> **PROBLEM TO SOLVE**
Go line by line through the data below and count those with the string "about". Give the number only.
[EXTRACTED INFORMATION Boundary: Start]
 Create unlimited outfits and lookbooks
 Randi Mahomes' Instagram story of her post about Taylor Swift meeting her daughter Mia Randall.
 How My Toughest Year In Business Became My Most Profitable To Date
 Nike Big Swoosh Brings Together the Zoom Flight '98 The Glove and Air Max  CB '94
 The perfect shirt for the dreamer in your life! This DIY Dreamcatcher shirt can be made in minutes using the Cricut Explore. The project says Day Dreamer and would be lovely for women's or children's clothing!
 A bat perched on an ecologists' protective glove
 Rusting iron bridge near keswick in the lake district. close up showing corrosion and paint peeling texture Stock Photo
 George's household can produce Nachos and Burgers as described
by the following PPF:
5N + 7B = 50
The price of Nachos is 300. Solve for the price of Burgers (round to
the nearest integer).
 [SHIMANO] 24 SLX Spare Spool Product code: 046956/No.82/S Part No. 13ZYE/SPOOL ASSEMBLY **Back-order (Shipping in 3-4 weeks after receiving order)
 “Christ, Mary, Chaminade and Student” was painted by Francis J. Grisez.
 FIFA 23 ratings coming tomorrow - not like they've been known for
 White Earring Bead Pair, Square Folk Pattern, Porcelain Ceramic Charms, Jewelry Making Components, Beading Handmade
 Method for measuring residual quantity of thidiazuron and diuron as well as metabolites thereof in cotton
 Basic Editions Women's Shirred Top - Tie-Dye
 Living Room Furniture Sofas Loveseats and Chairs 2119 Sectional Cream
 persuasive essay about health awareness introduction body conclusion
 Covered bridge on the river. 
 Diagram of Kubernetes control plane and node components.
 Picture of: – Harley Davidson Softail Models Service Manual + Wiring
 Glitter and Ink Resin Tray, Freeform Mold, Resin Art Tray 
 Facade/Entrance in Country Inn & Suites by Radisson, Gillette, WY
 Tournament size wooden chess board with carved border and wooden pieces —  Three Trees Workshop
[EXTRACTED INFORMATION Boundary: End]
> **WRITTEN RESPONSE**
2